How can you walk by a grid of bones on a table and not read
the story?
Last month we took a trip out of the Hudson Valley to MASS MoCA,
the Massachusetts Museum of Contemporary Art. Set on 16 acres of an urban
section of North Adams, Massachusetts, the site’s 26 buildings are connected by
elevated walkways and courtyards. The Hoosick River flows through the site
which has an unmistakably industrial vibe.
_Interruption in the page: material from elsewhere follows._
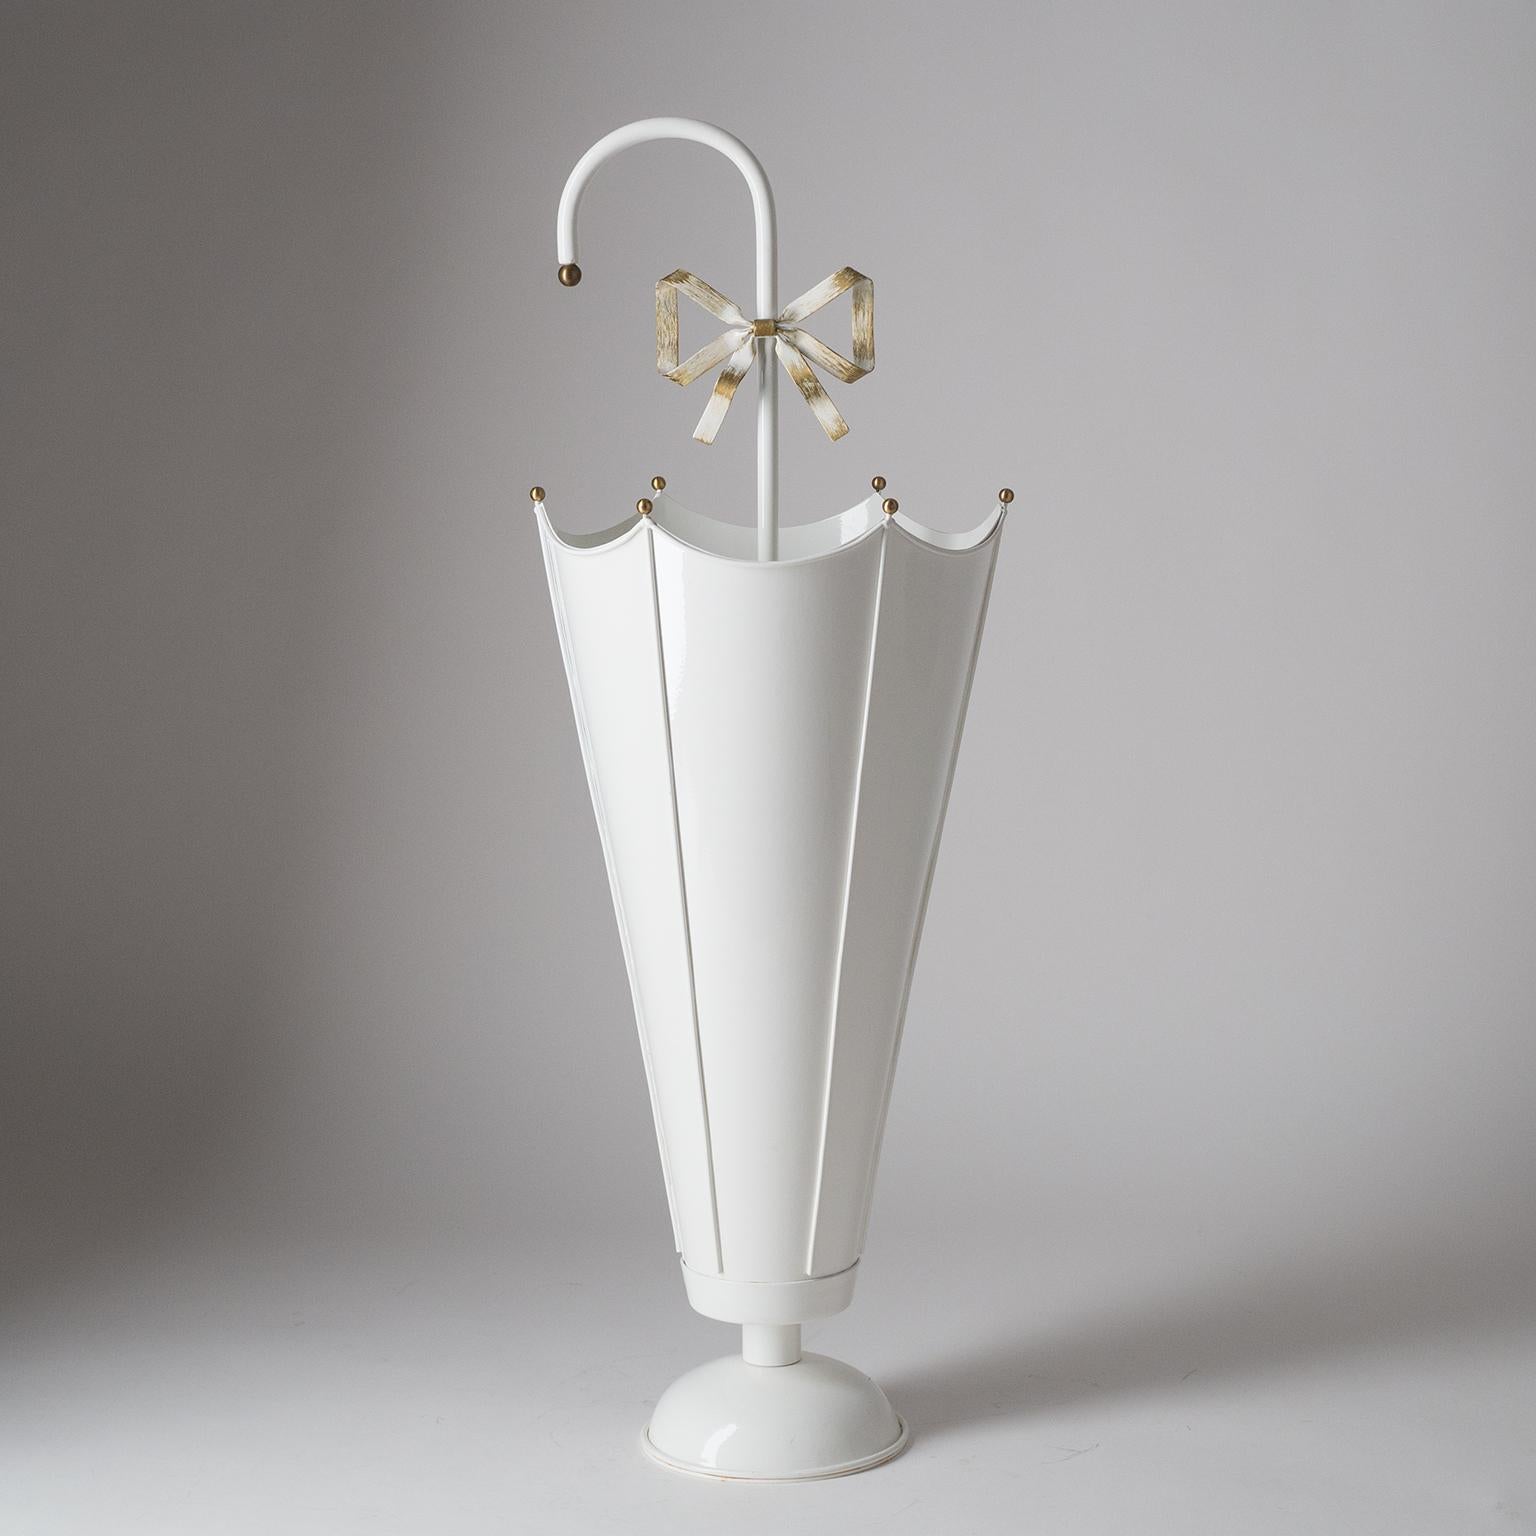 Lovely umbrella stand from the 1950s. White lacquered body with brass details in very good original condition.

Since before the Revolutionary War, the
area was instrumental in the manufacture of shoes, hats, cabinets, and armor
plates for a Civil War ship and components for the atomic bomb in World War II.
Manufacturing ended in 1986 and the site was transformed into a museum after
staff of Williams College museum of Art sought an economic space to exhibit large
works that would not fit in conventional museums. MASS MoCA opened in 1999.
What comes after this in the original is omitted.